Shouldn't we focus on that instead? Or should we change direction and use the native database for searching?


Eloy Lafuente (stronk7) added a comment - 11/Mar/07 11:27 PM
+1 for lucene if possible to adapt if for roles (I hope it'll be cross-db compatible, at least it's in other languages where I've played a bit with).

I thought that (don't ask why) that such project was semi-dead and we could start supporting our own implementation, specially if we want to index uploaded files (perhaps this is the KEY question) and if lucene works well with non-spaced languages (like japanese).

Those (upload files + non-spaced languages) are the two major drawbacks of implementing our own indexes. Does Lucene uses its own index format (file based) or does it use DB specific indexes... uhm.

Too much questions! Let's halt this until 1.8 release and then examine a bit more about how lucene is working.... oki?


Martin Dougiamas added a comment - 12/Mar/07 10:50 AM
I've turned this on for moodle.org and WOW! That is heaps faster now! :-D

Times for some searches I tried have dropped from 11 seconds to about 1 second !

+1000 for better handling of this in 1.9.


Martin Dougiamas added a comment - 12/Mar/07 11:45 AM
More info about Lucene vs MySQL for the global search: http://jayant7k.blogspot.com/2006/05/mysql-fulltext-search-versus-lucene.html

Eloy Lafuente (stronk7) added a comment - 12/Mar/07 04:57 PM
Please,

note that current experimental implementation is far from perfect because, to mimic current behaviour and semantics of relational searching we are executing all the searches by appending the "*" wildchar to all the terms. It reduces real benefit a lot (compared with the execution without wildchars).

That's because I proposed an alternative search form + help file to be showed describing the new semantics used when the documental search is enabled. While the search with wildchars can be a good idea in sites with fewer results (more records are found), sites like moodle.org (+250.000 posts) will return enough information just searching by "exact" words, that is, in fact, the default search mode worldwide!

Anyway, I'll start documenting about the lucene-php-mysql thing after release... that seems to be the preferred way (if we don't want to apply such changes in semantics for now).



Eloy Lafuente (stronk7) added a comment - 14/May/07 07:47 AM
Quick note:

last week I've been playing with 300.000 posts and Zend Lucene.
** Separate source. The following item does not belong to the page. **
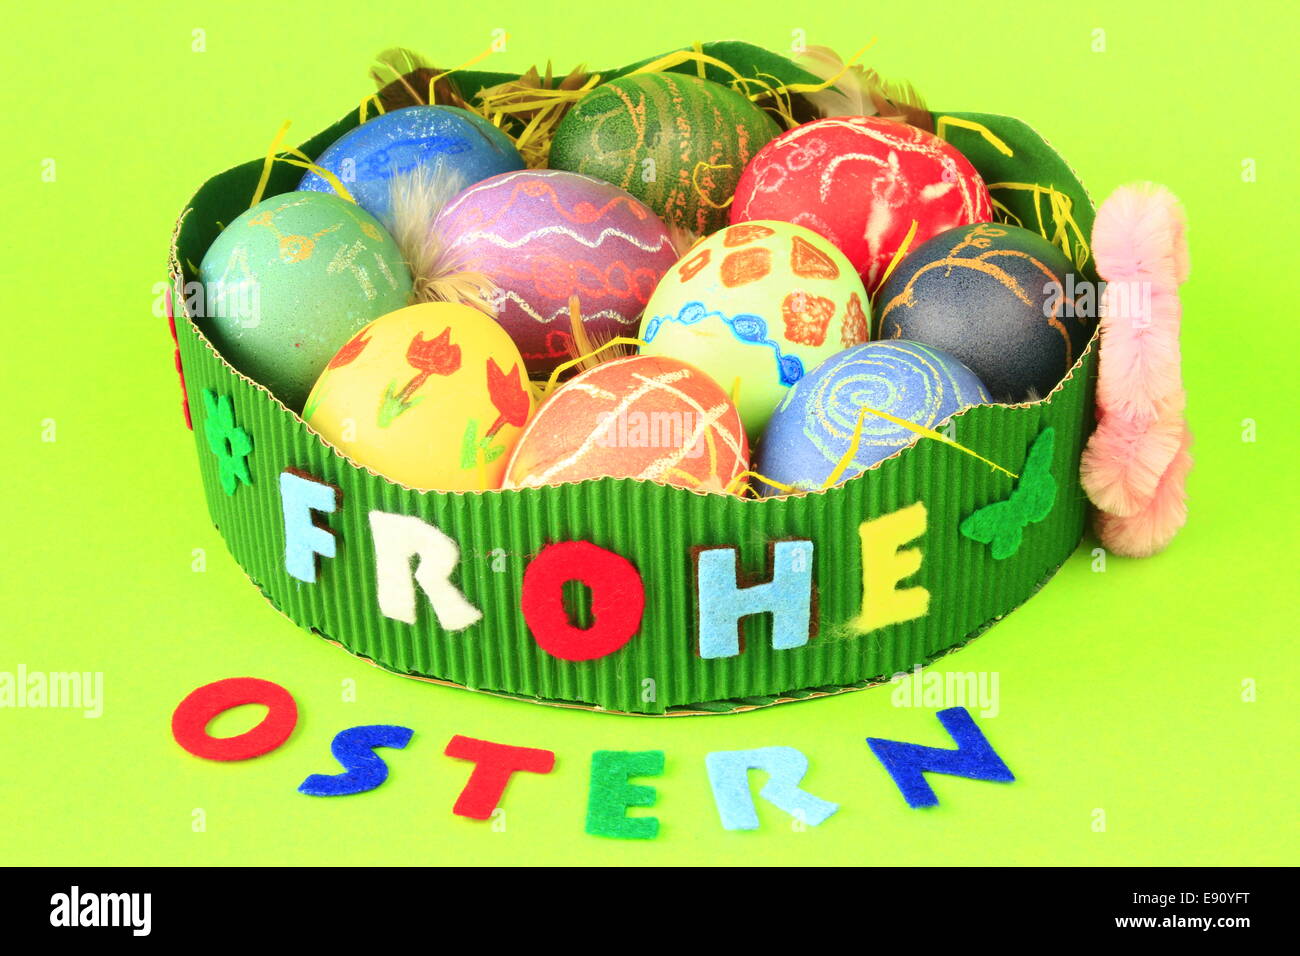 Easter customs Stock Photo

Some numbers:

  • got 1000+ indexed documents/minute.
  • most searches resolved in less than 1 sec, with 1-3 more secs needed to fetch and render one page of results
  • absolutely easy to customize for our needs (UTF-8, keeping numbers, versions... in the index) all this working with < 100 lines code.
  • easy to keep synchronised with one intemediate "lucene_documents" relational table (where all the modules will write the actions to be performed).
  • relatively easy to support groups/users/allowed forums in the documental searches.
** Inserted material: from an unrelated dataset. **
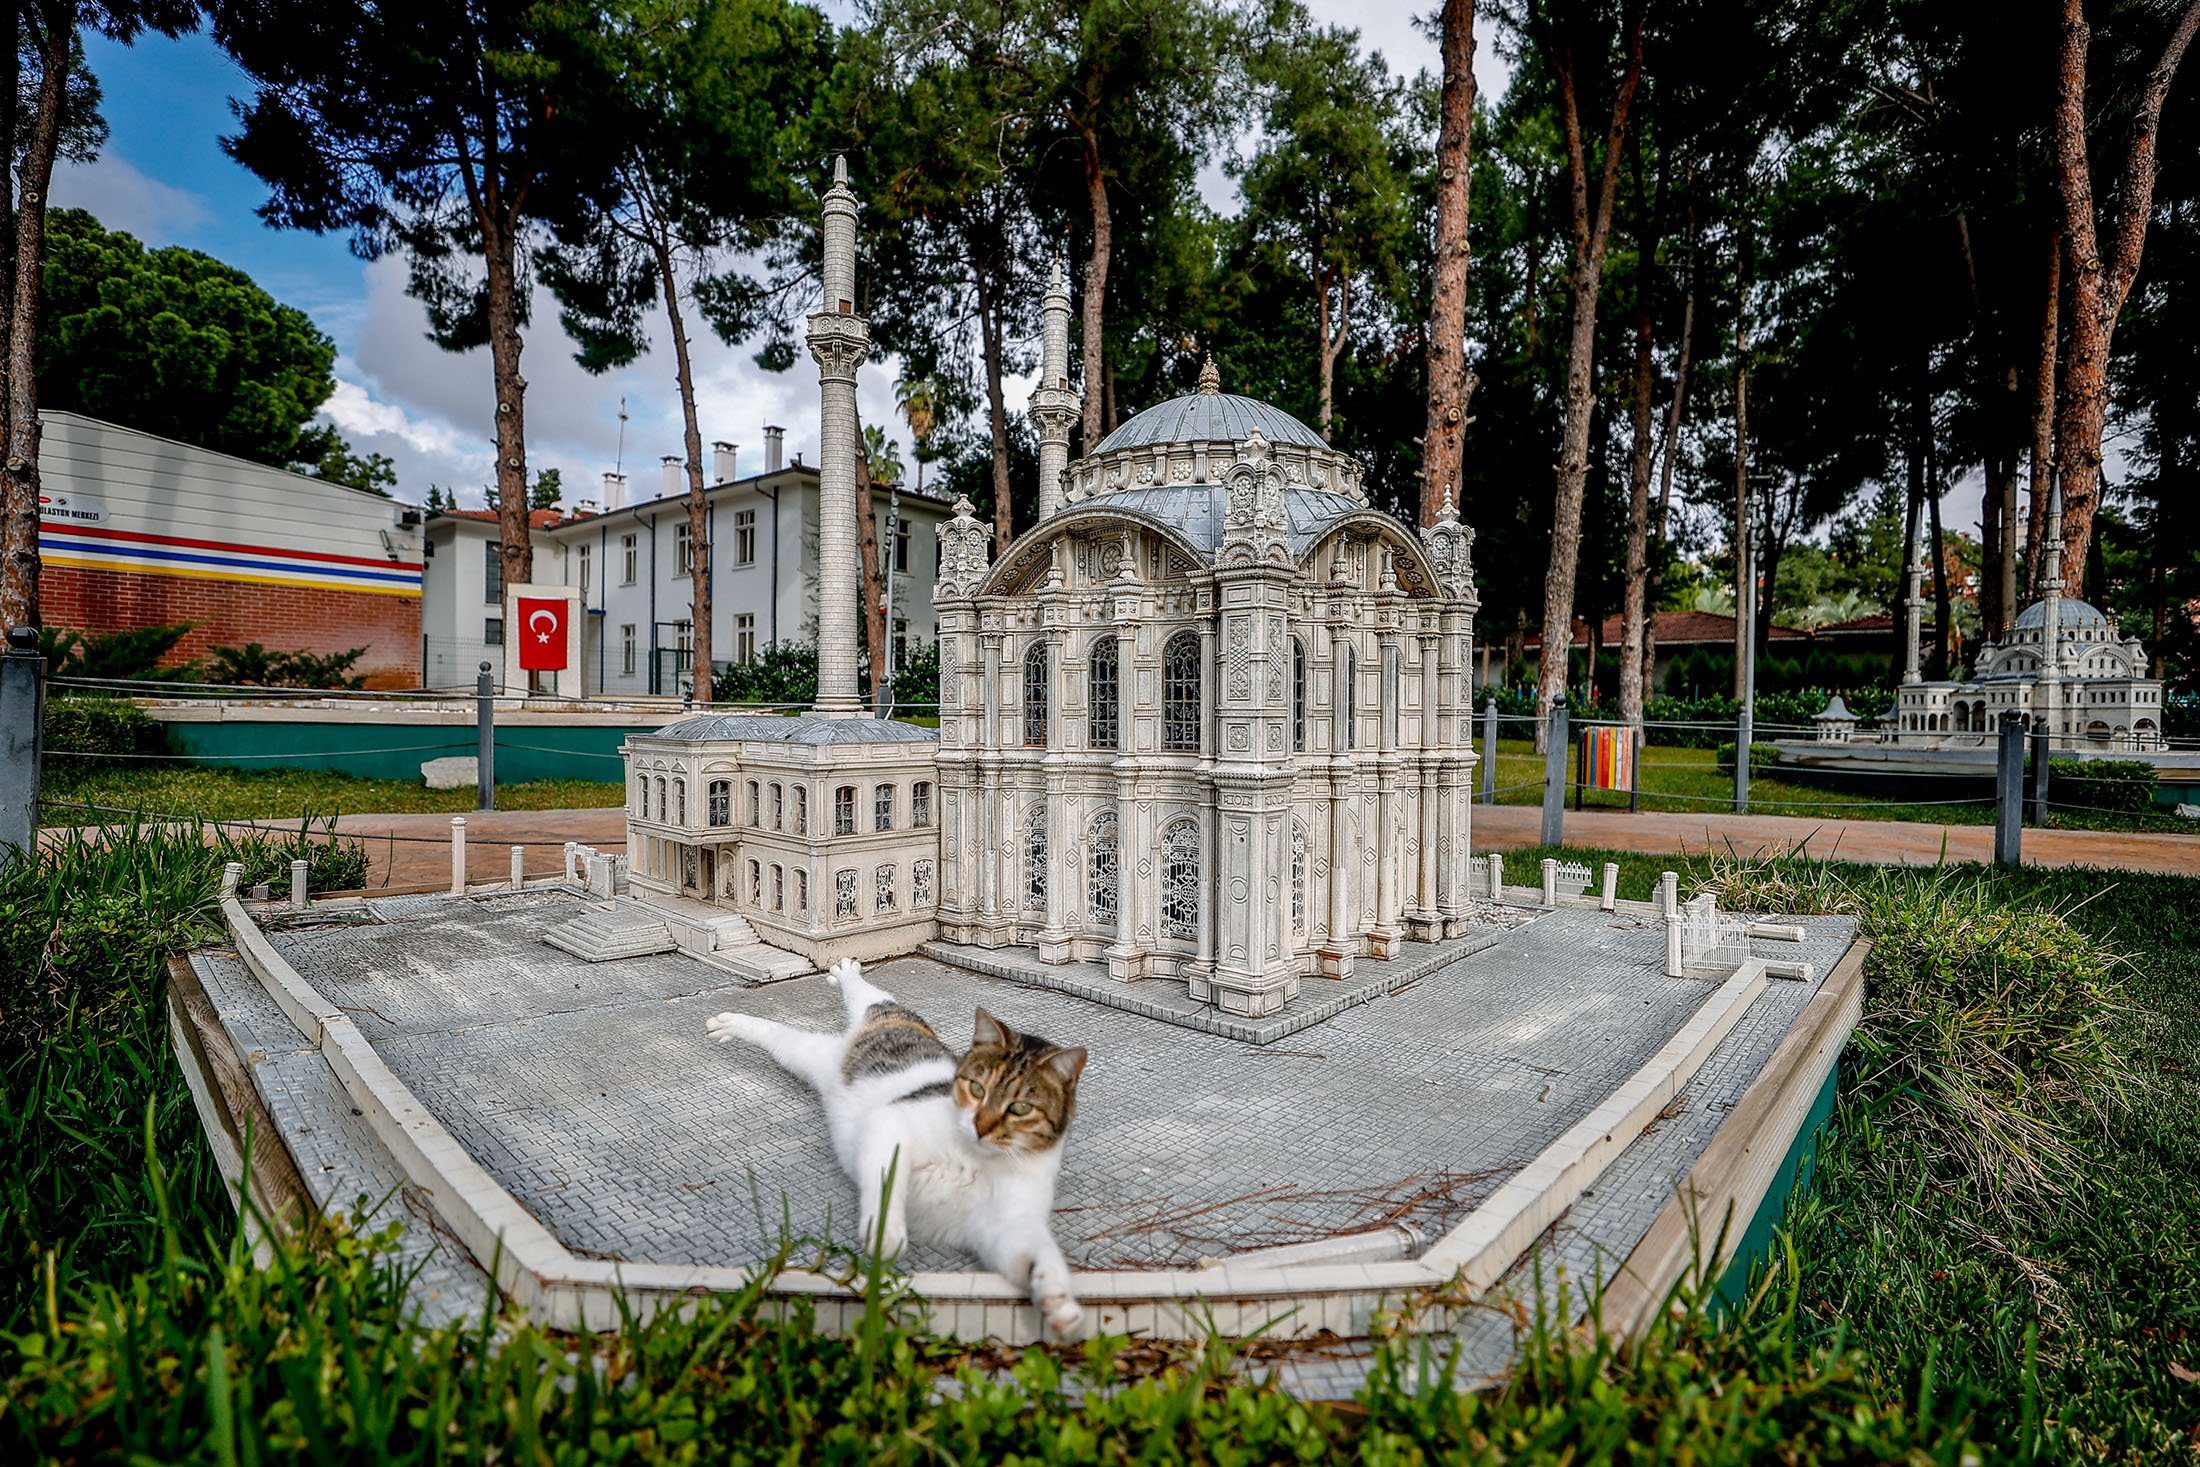 Felines take over miniature park in Antalya

but I've found some problems with current Zend Ludene implementation:

  • relies on old lucene 1.4 code.
  • index format has been dramatically improved for Lucene 2.0-2.1
  • tons of memory needed (> 120MB) to fully optimize the index (and this should be executed, at least, weekly, to avoid fragmentation and reduce number of segments).
  • after looking bugs and activity... not sure if it's

Uhm... just to point to another alternative... could we "reinvent the wheel" ? Drupal seems to have one interesting "hand-made" documental index for all its contents... perhaps it would be enough for our "token based searches"....

Ciao


Eloy Lafuente (stronk7) added a comment - 19/Sep/07 06:33 AM - edited
Moving this to 2.0.

Will Lucene be the final solution...uhm... ciao


Eloy Lafuente (stronk7) added a comment - 05/Apr/08 10:21 AM
Just updating this to comment that there are new downloads of the Zend Framework. And it also contains a very-much improved version of the Lucene engine (using the long awaited 2.1 index formats + big memory improvements).

Link: http://framework.zend.com/download

Ciao


Valery Fremaux added a comment - 05/Apr/08 02:48 PM
Thanks Eloy, I will try it soon in my dev instance.